Plaintiffs are insurance companies. See Compl. (ECF No. 1) at 6. Defendant Sanjay Misra (Misra) is a Texas licensed physician who provides medical services in San Antonio. Id. He is the president of Sanjay Misra M.D., P.A., a Texas professional association. Id. at 7. Plaintiffs assert two claims. See id. at 28-31. They first assert a federal claim under the Racketeer Influenced and Corrupt Organizations Act (RICO), 18 U.S.C. § 1962(c). See id. ¶¶ 68-74. Then they assert a Texas claim for money had and received. See id. ¶¶ 75-80. They contend that Defendants treat patients who have been injured in automobile accidents by drivers they insure. Id. ¶¶ 2-10. They specifically allege Misra submitted fraudulent medical bills and medical records because:

a. Dr. Misra does not perform legitimate examinations of his patients;
b. patterns in the findings and diagnoses within the examination reports (“Evaluations”) prepared by Dr. Misra prior to recommending injections are not credible and serve as pretext to support their predetermined recommendations for medically unnecessary ESIs [(epidural steroid injections)] for nearly all patients reporting neck and/or back pain;
c. the injections Dr. Misra recommends and purportedly performs are not recommended and performed because they are medically necessary, but rather to substantially inflate the severity and potential value of the patients' claims;
d. the boilerplate operative reports (“Operative Reports”) prepared by Dr. Misra for the ESIs he purportedly performs are not credible based upon patterns in the patients' diagnoses and responses to the ESIs; and e. the surgical recommendations made by Dr. Misra are not recommended because they are medically necessary, but rather to substantially inflate the severity and potential value of the patients' claims.

Id. ¶ 3 (omitting citations to exhibits).

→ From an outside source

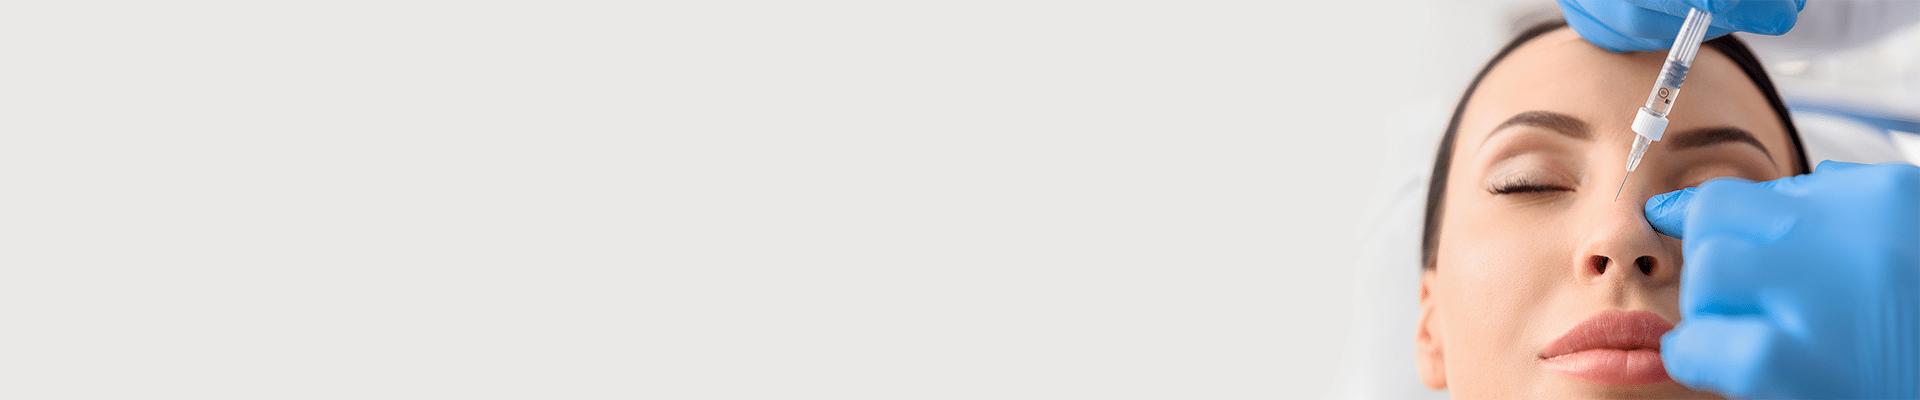 [:fr]Rhinoplastie médicale Nabeul ou rhino modulation, Rhinoplastie sans chirurgie[:ar]تجميل الأنف الطبي في نابل أو تعديل وحيد القرن ، تجميل الأنف دون جراحة :[:]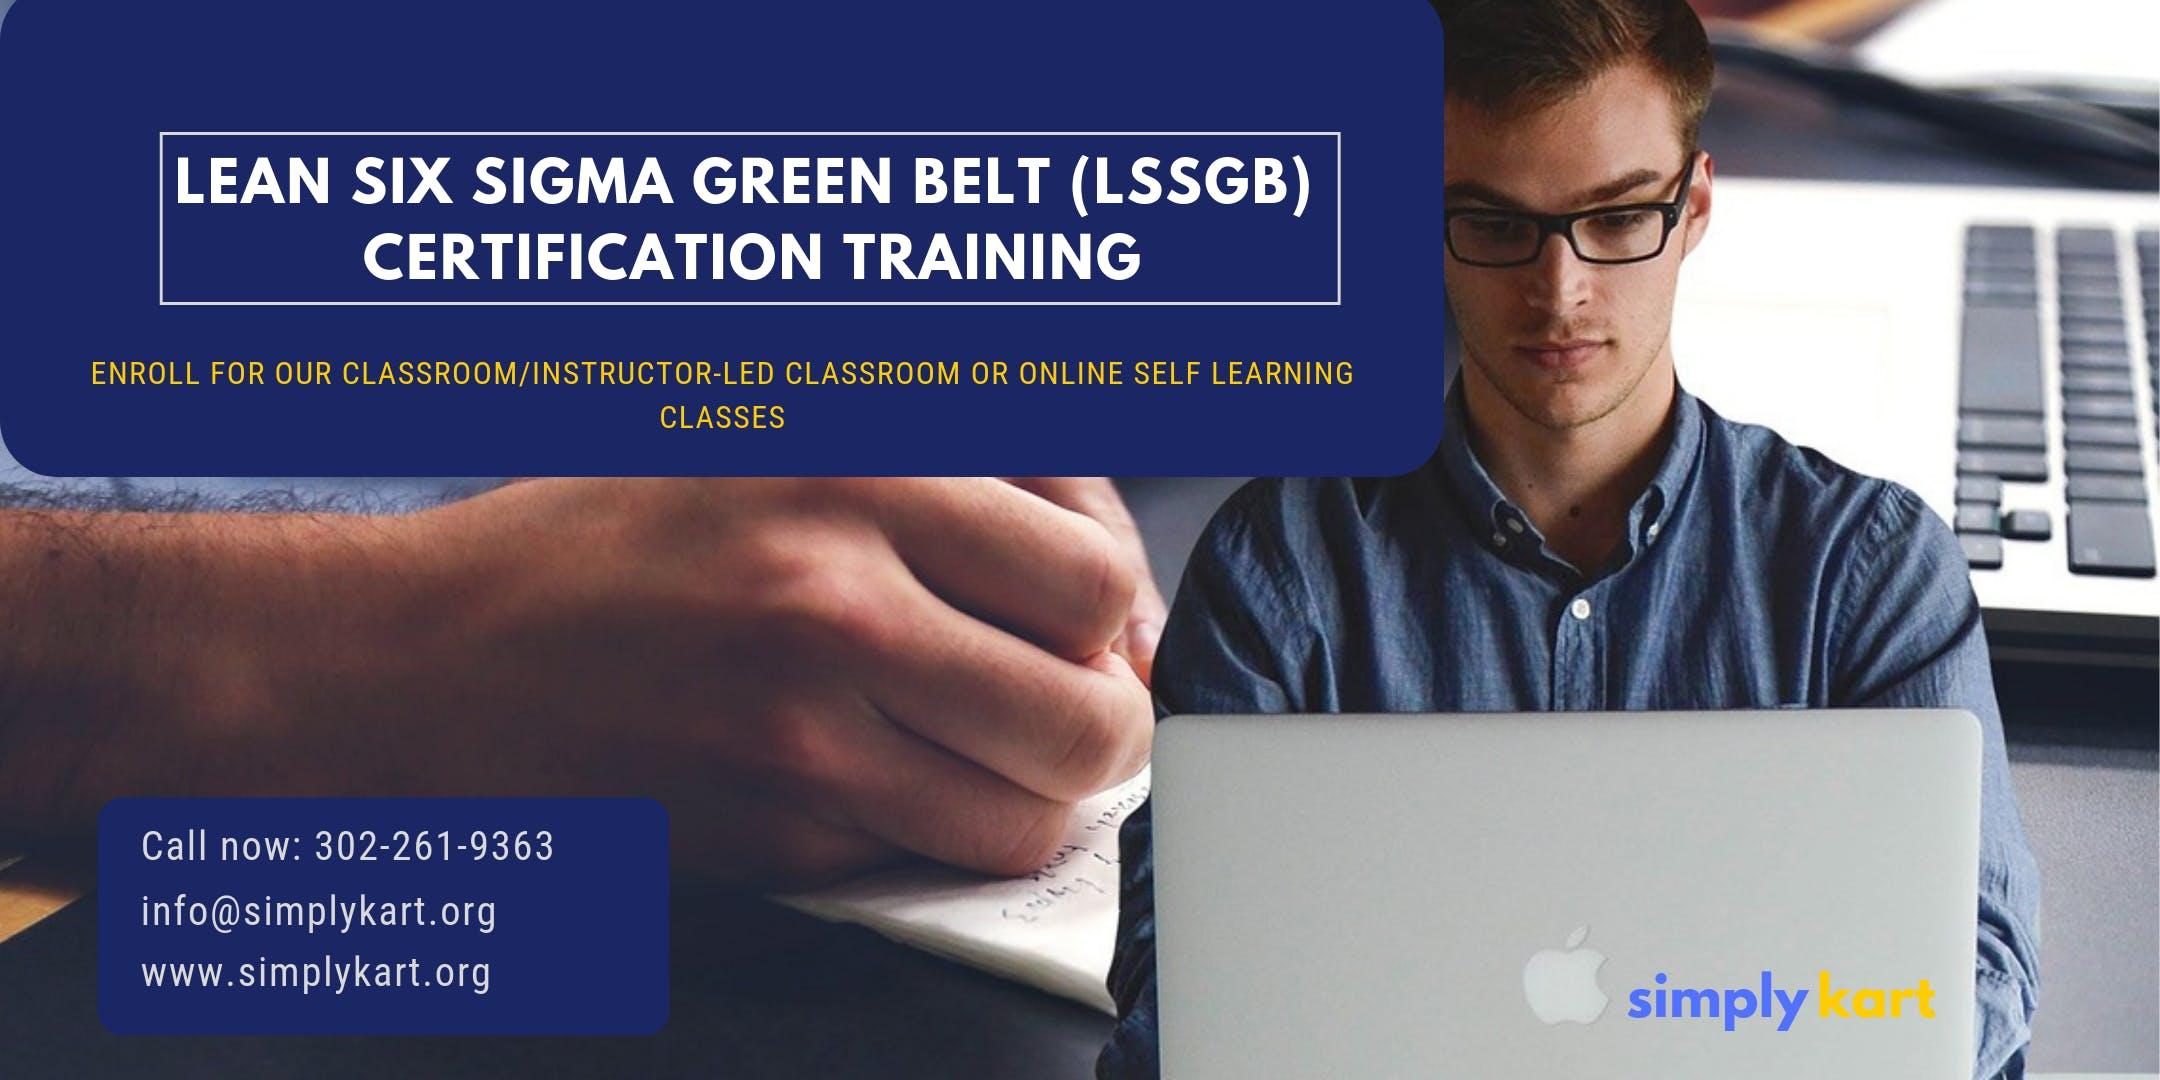 Lean Six Sigma Green Belt (LSSGB) Certification Training in Côte-Saint-Luc, PE

Plaintiffs provide additional facts relating to Defendants' alleged scheme. See id. ¶ 8. In particular, they allege that to facilitate the scheme, Defendants:

(a) prepare fraudulent Evaluations to create the appearance patients suffered serious injuries that warrant ESIs, often to more than one spinal region;
(b) purportedly perform medically unnecessary injections;
(c) prepare bills from Misra P.A. with typical charges of $499 for the initial examinations and typical charges of at least $3,300 for each ESI;
(d) often recommend patients undergo surgeries, which are estimated to cost in excess of $50,000 (not including fees for anesthesia and related items Dr. Misra estimates cost an additional $50,000); and
(e) provide their fraudulent documentation and bills to the PI Attorneys representing the patients in BI Claims and UM Claims who, in turn, submit the documentation and bills to State Farm Mutual and State Farm County to support written demands to settle the claims within policy limits, often within 15 days or less.

Id.

Plaintiffs' essential allegation is that Misra recommends and administers medically unnecessary epidural steroid injections and recommends and performs medically unnecessary surgeries to inflate medical bills to increase the value of his patients' bodily injury or uninsured/underinsured claims. According to Plaintiffs, Misra submits the medical bills and records to his patients' personal injury attorneys to submit demands to Plaintiffs to settle the patients' claims. Id. at ¶¶ 9-10.

Plaintiffs attached thirty-four exhibits to their complaint. The first exhibit is a spreadsheet titled “Pre-Injection Appendix.” ECF No. 1-3. The eight-page exhibit has twenty columns (A through T) which provide detailed information for patients treated by Misra. Id. The exhibit includes the State Farm claim number (Column B), patient initials (Column C), date of the underlying accident (Column D), date of first visit to Misra (Column F), Misra's recommendation for injection (Column S), and the type of injection Misra recommended (Column T). Id. Columns G through R reflect the tests or exams Misra conducted to determine whether to administer an injection and the type of injection to administer. Id. Citing Exhibits 1 and 2, Plaintiffs allege that “Dr. Misra's Evaluations reveal the same cursory examination findings and result in recommendations that virtually all patients with neck and/or back pain receive a recommendation for an interlaminar ESI.”[1] Compl. ¶ 28. Misra recommended and/or administered spinal injections for 300 of 335 patients identified on Exhibit 1. Id. ¶ 29. Misra recommended that each of these 300 patients receive the same type of ESI injection-the interlaminar ESI. Id.; see also ECF No. 1-3.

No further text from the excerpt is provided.